Tutti allo stadio. in occasione della partita Forlì-Torres i ragazzi della Gradinata invitano allo stadio Morgagni tutti i tifosi e appassionati dei colori biancorossi a stringersi attorno alla squadra e sostenerla in questo momento difficile del campionato per cercare di raggiungere un obiettivo storico, la C unica che per la squadra della nostra città è fondamentale raggiungere. 

Insieme si vince, forza ragazzi crediamoci. 

Tolte le parole di bocca.

Forte è a Foggia



L'ha annunciato lui stesso su Facebook stanotte, senza nascondere la felicità.

lunedì 13 gennaio 2014

Un godimento tira l'altro



Ai tre punti di Meda segue, oggi, un appuntamento storico per il Forlì. La società di viale Roma sarà infatti protagonista, alle 18 sul canale 200, del programma approfondimento Sky 'Matti da Lega Pro'.

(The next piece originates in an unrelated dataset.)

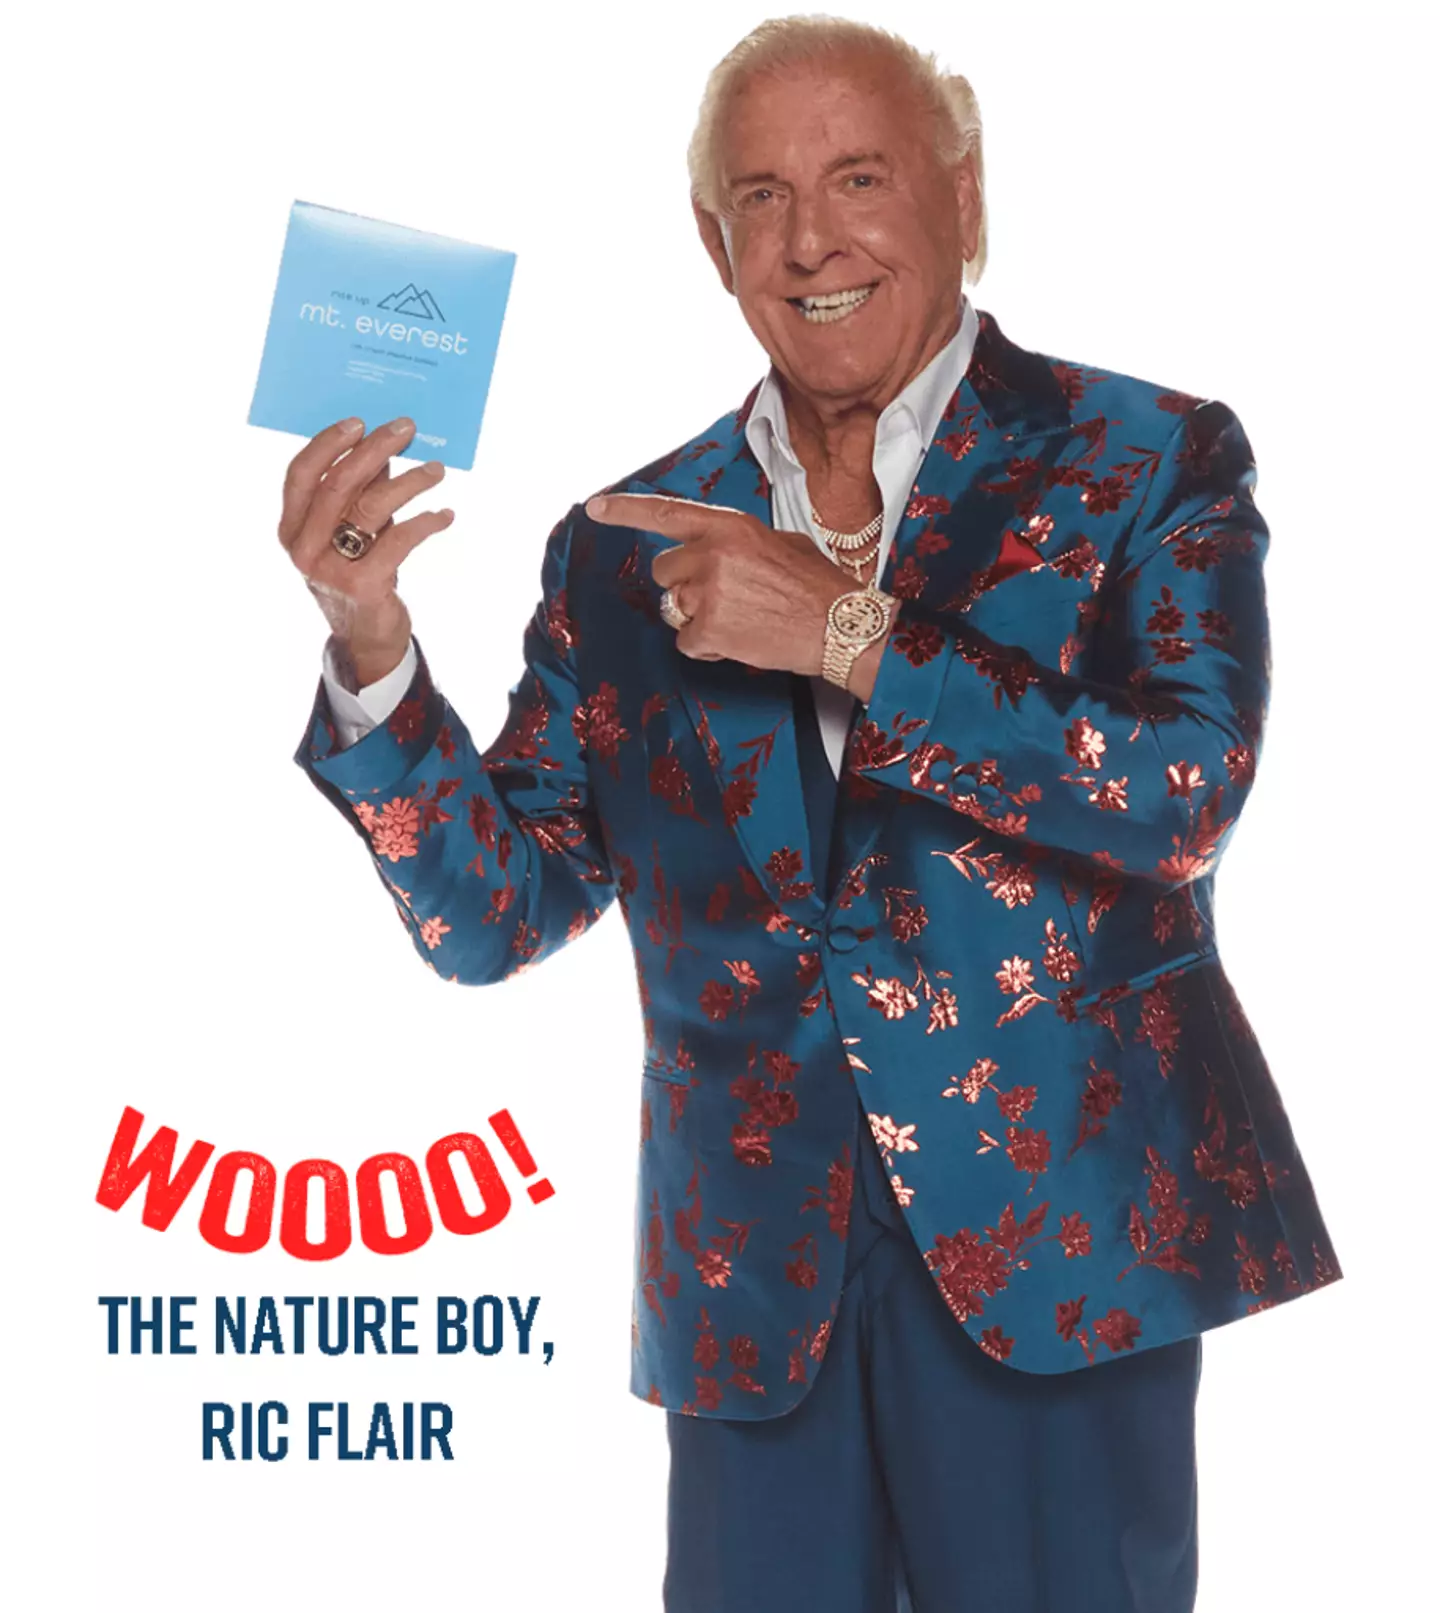 Flair is selling boner pills now.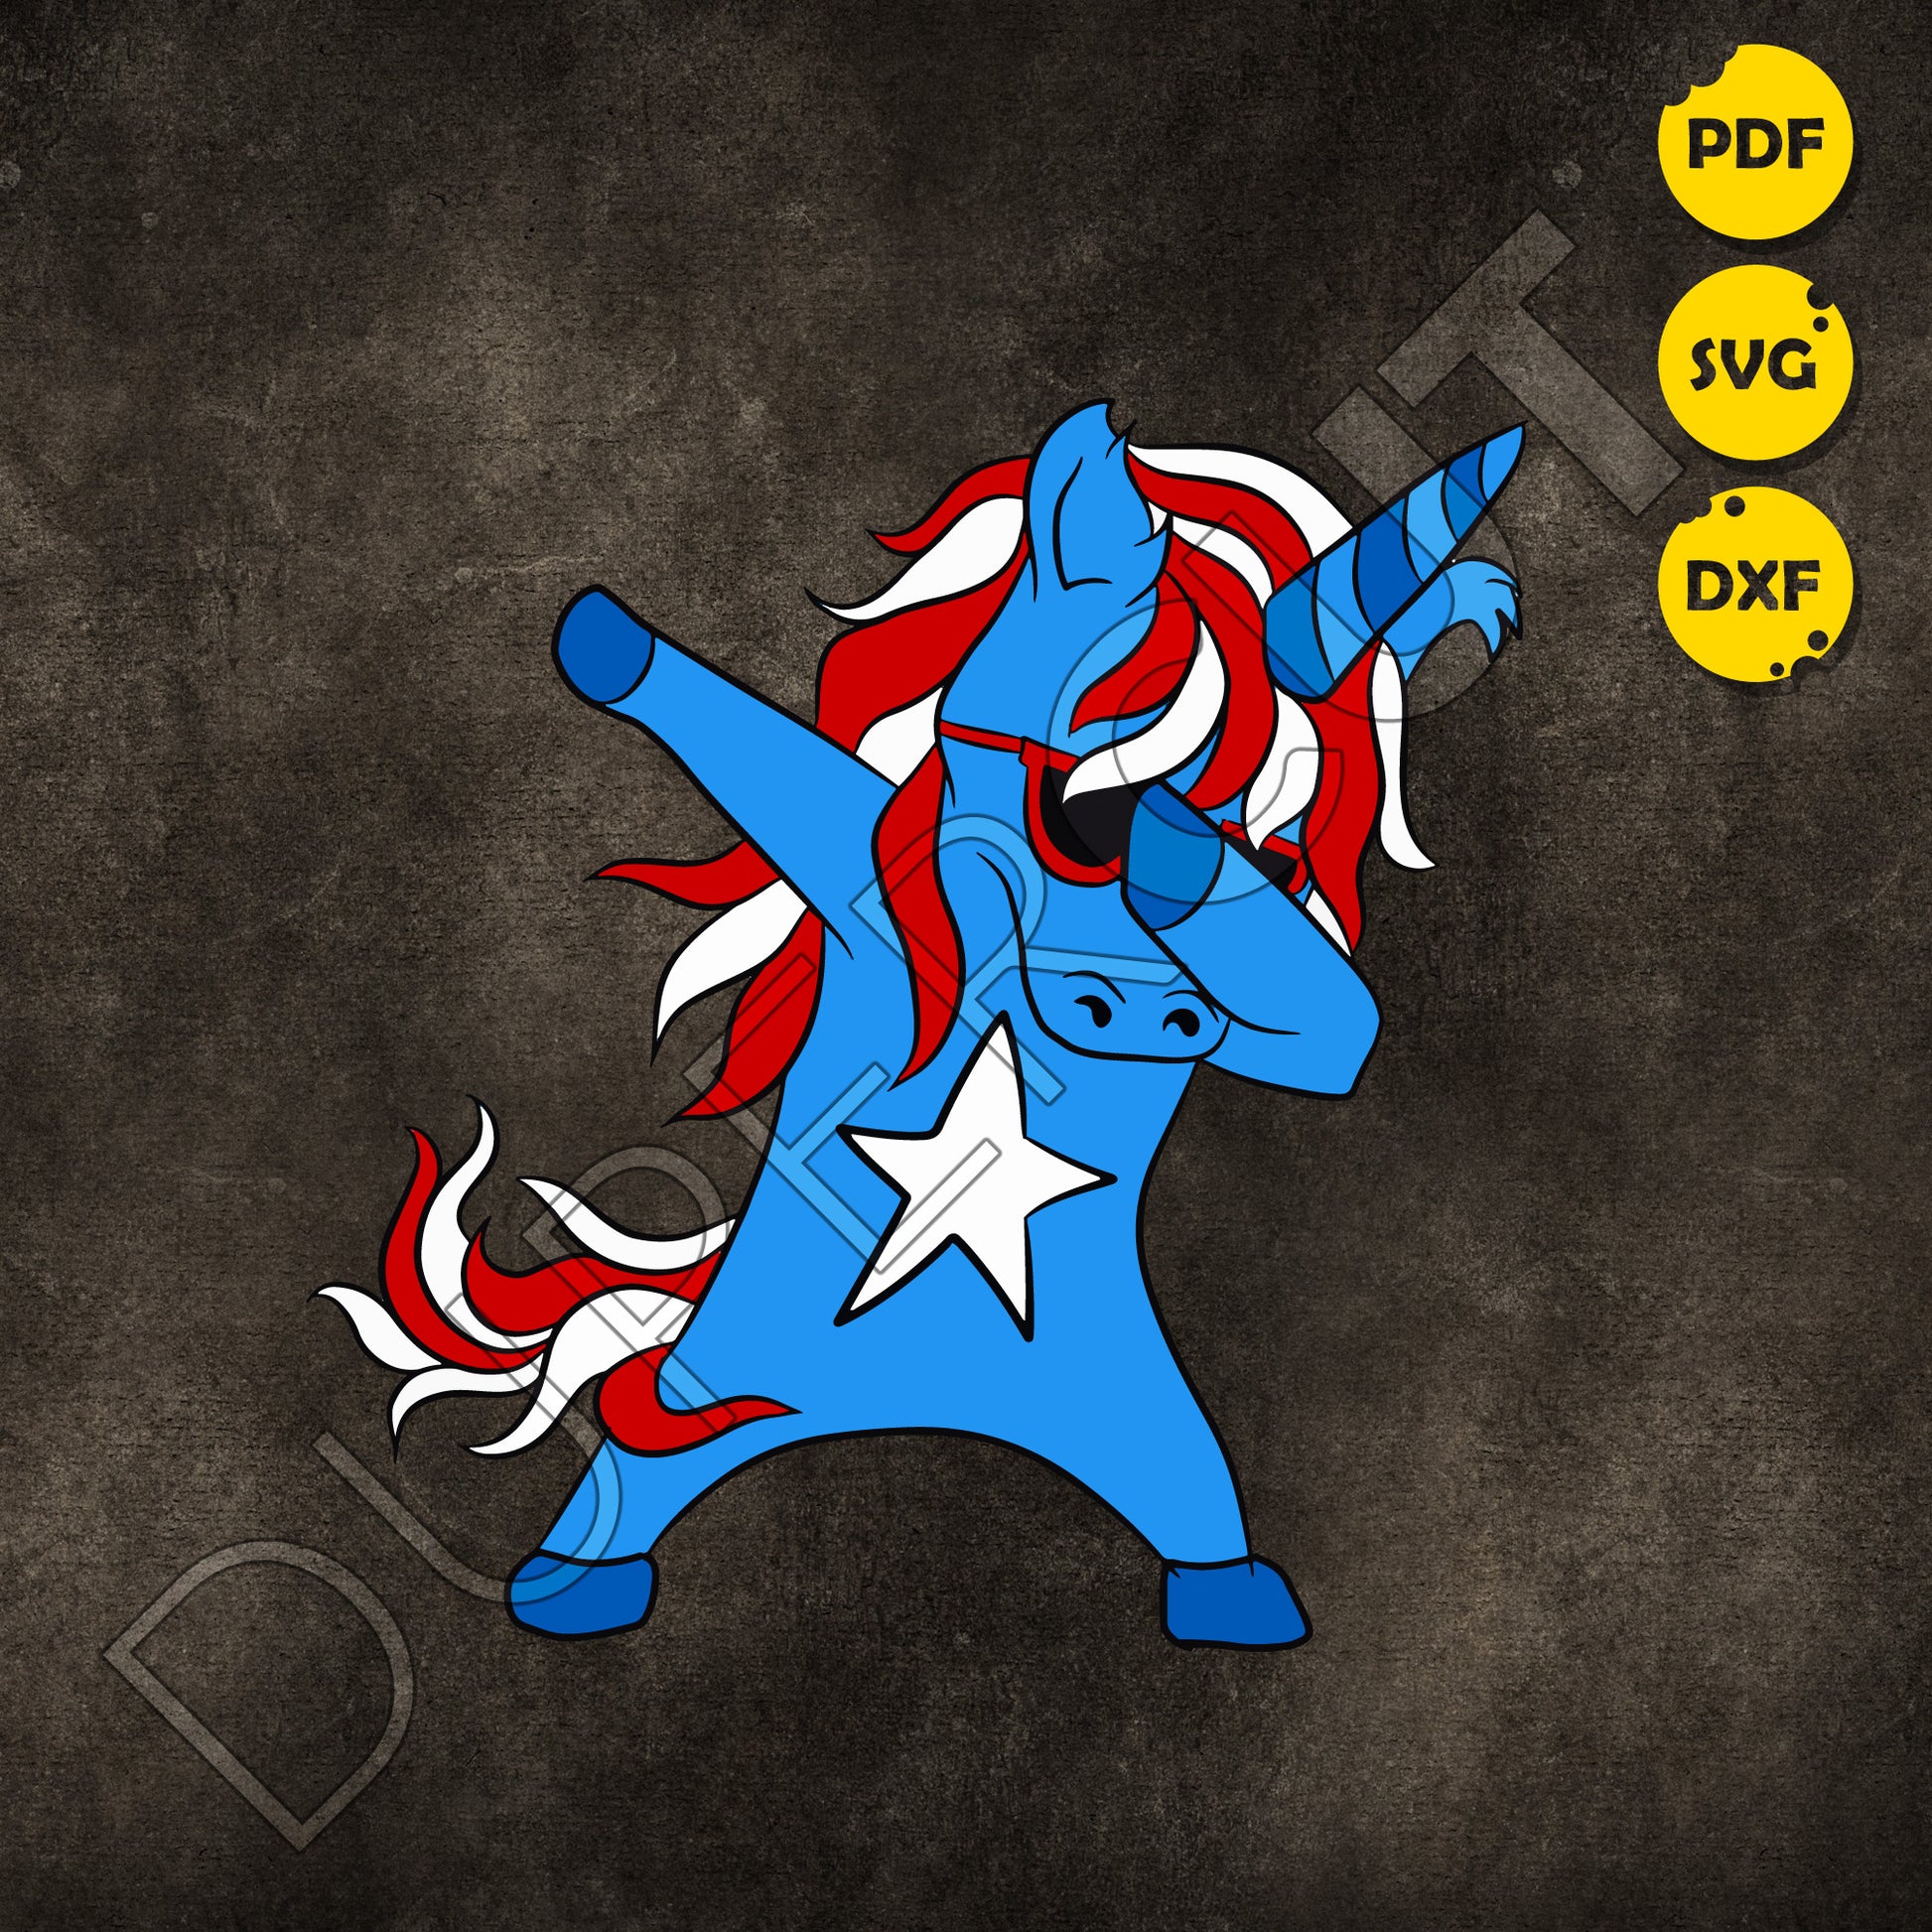 SVG PNG DXF file - American Dabbing Unicorn

A Sky son bravi in tutto, fenomenali: segnalo ad esempio la puntata sul Monza del 23 dicembre, con le 10 curiosità sui brianzoli da Casiraghi a Pozzetto. Oggi il servizio sarà curato da Alfredo Corallo, ex collaboratore del Corriere di Forlì.

Spulciando nell'ormai centenaria storia del Forlì, è saltato fuori anche di quella volta in cui un gruppetto di tifosi (capeggiato da indovinate chi) ha noleggiato la limousine per andare al Manuzzi a vedere Forlì-Milan.